I keep having dreams that I'm drinking. 3 nights in a row now. Surprised it took this long for them to set in. Weird.

My mom has pressured me again to contact her father (his 85th bday). Her father abused her growing up, and abused me when I was VERY little. We had to live with him when my parents first split up. He beat me and he was very "inappropriate". Don't care to elaborate. I was only 3.

My mom married my step-dad and allowed a LOT of terrible things to happen. Extreme abuse. Again, no need to elaborate... I blame her father for making her the kind of mom that did not protect me. In my mind, she's messed up because of how she was raised. I could not wrap my mind around my mom being so horrible, that she could allow those things to happen to me- and not care. So I gave her that excuse. (an aside, Step-dad is dead. drugs/alcohol. terrible way to die, truly.)

I've asked her over and over not to pressure me to contact him. I think it's really sick to ask your child to have contact with someone who abused them. I'm a survivor. That is SO WRONG! She wants to pretend that everything is hunky-dory, and she's relying on me to help her to seek his approval. If her kids are all successful and wonderful -and her father sees that-- and they kiss his a** too, then she's a "good" daughter. ICKY. Really icky!

This has been so upsetting to me that I have barely had a sober conversation with my mom in years. I know every time we talk, she's going to bring up my step-dad or her father, and try to put some favorable "spin" on it. It crushes me. Why wouldn't it?

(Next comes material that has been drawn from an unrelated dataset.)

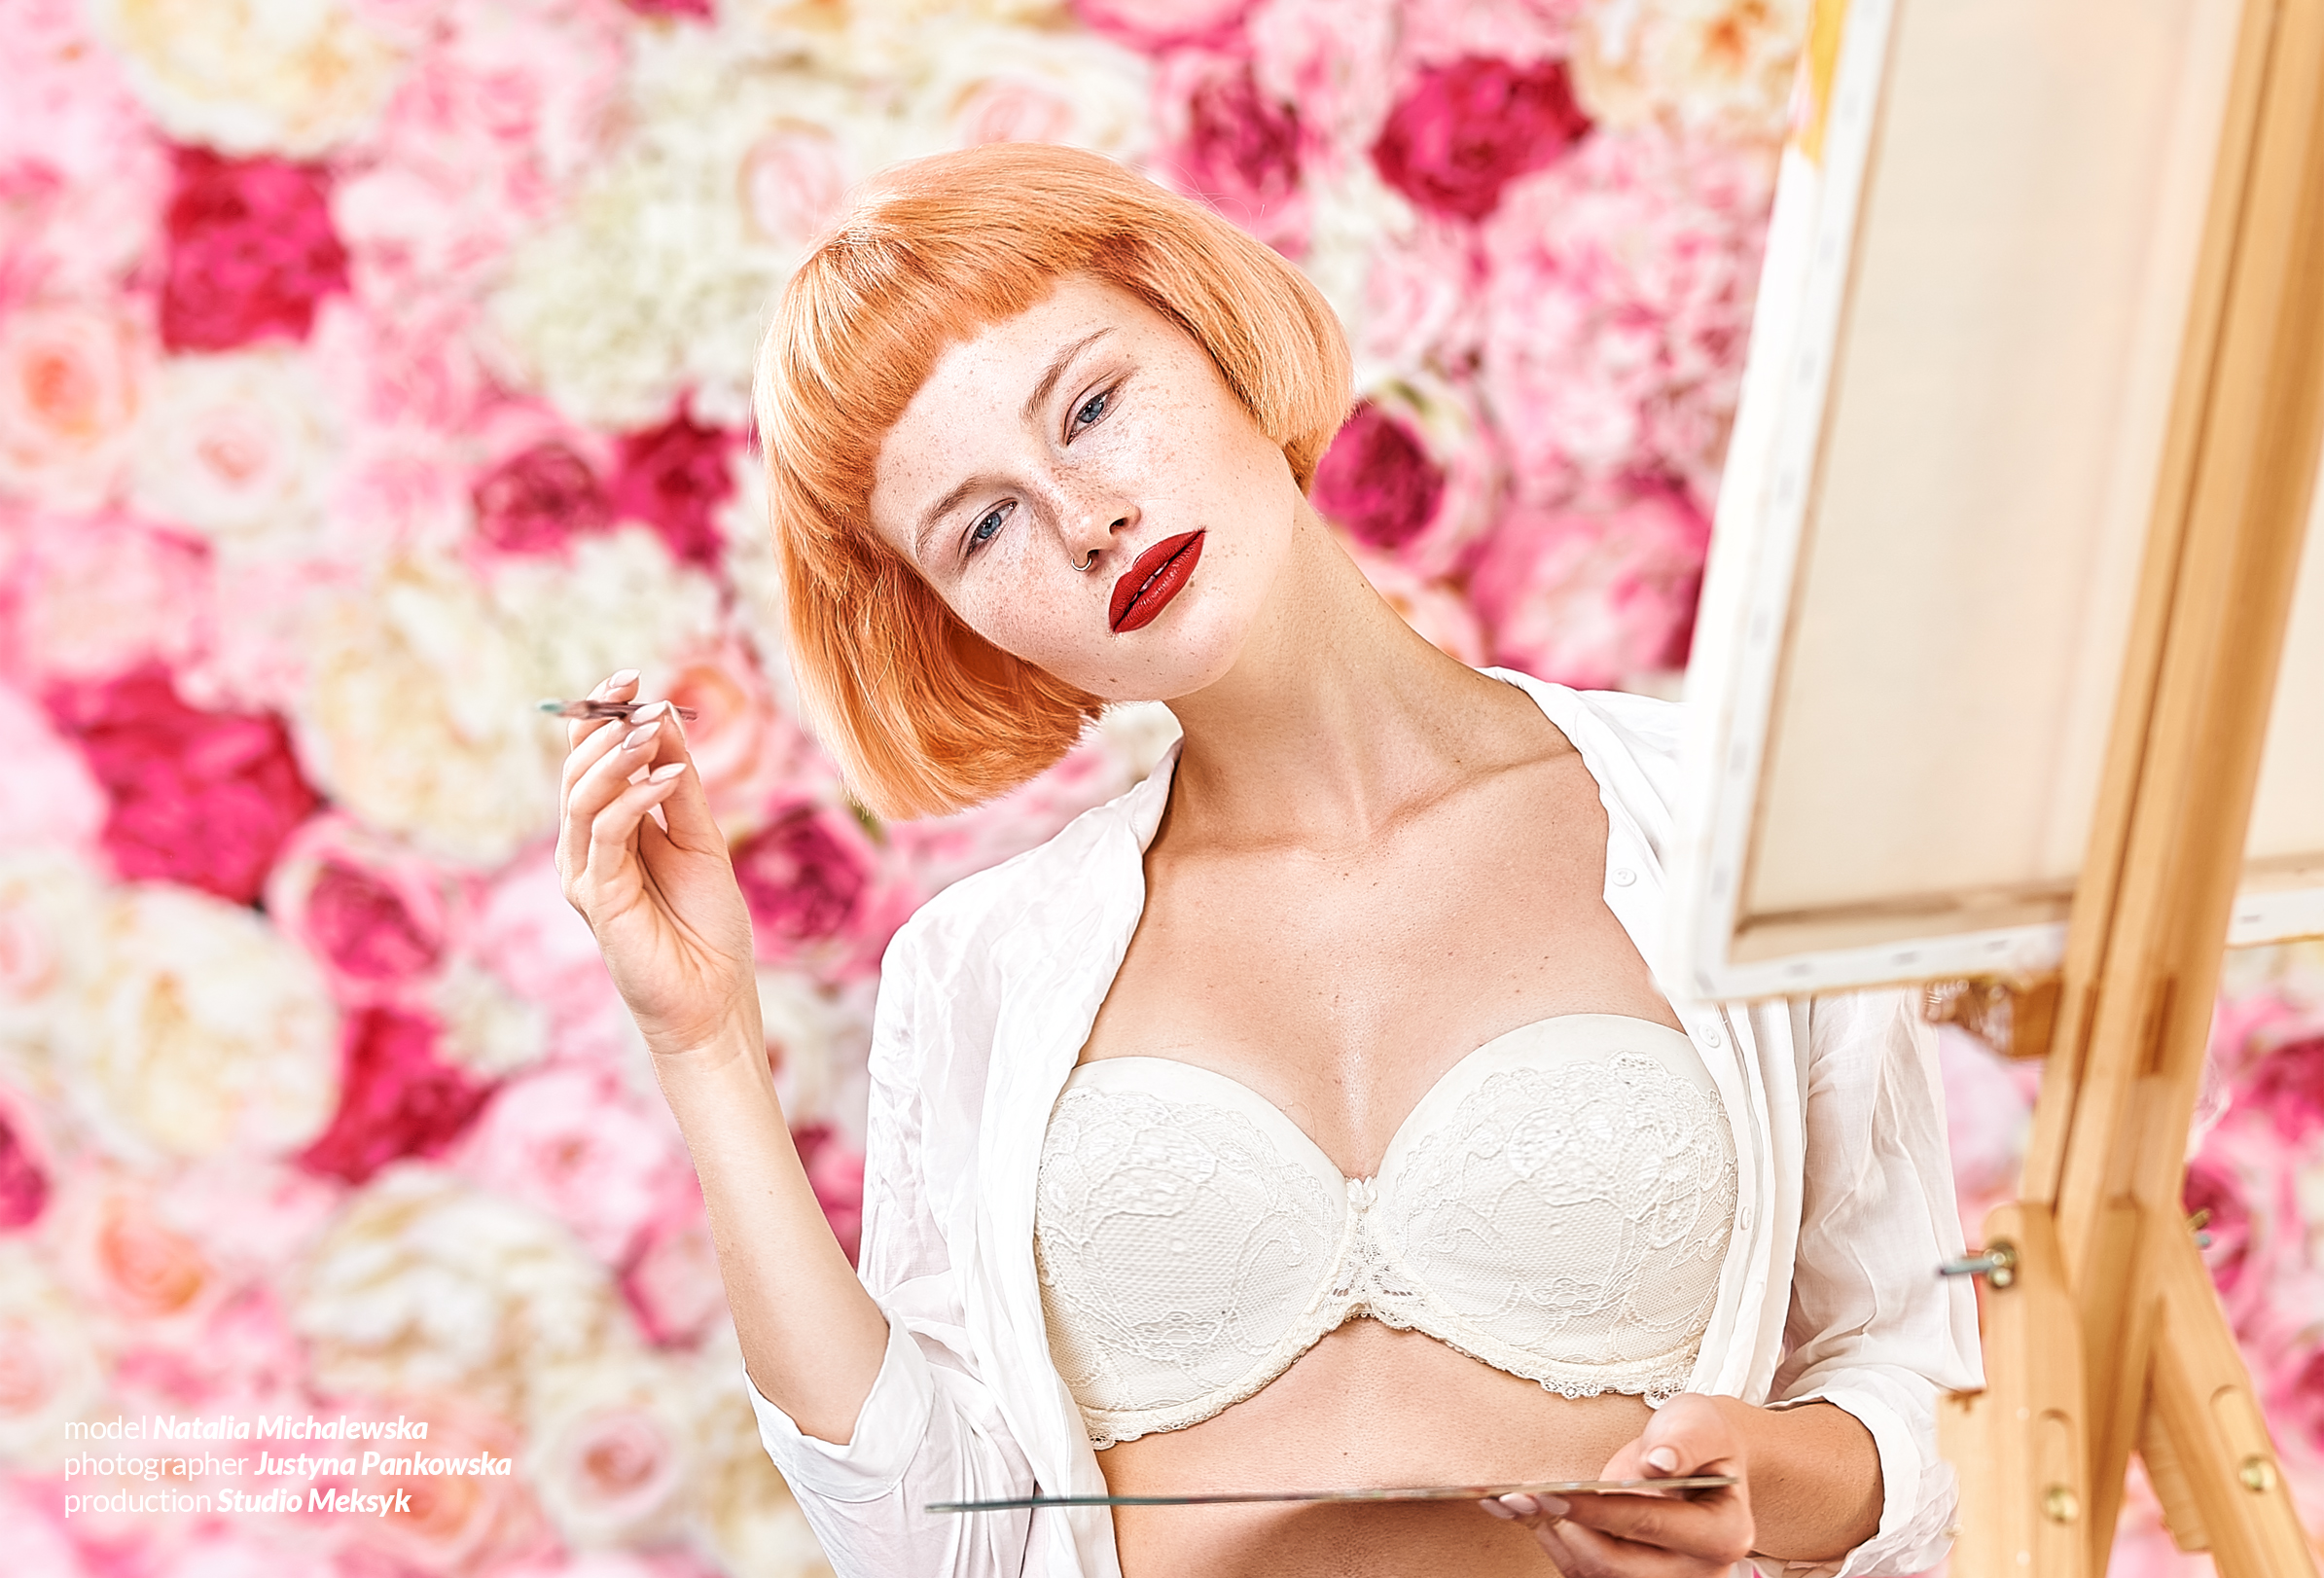 Natalia Michalewska, rose, glamour, warszawa, zdjęcia, beauty, girl, freckles, natural, portrait, pro, retouch, photography, D4s, nikkor 105 macro, Justyna Pankowska, Studio Meksyk,4a.jpg

I've asked her not to bring them up. I've asked her to just leave it in the past. But she does it anyway. Since I was usually buzzed during our conversations- I could ignore it or let it roll off my back. (Then I'd get off the phone and proceed to get smashed. Never really made the connection... not blaming. It was my way.) I realize now that she was crossing the line on purpose and when I failed to enforce my boundaries- she used that as "proof" and it validated her somehow. I know that may not make sense, but it's hard to describe. She's very manipulative I think. Very harmful to me.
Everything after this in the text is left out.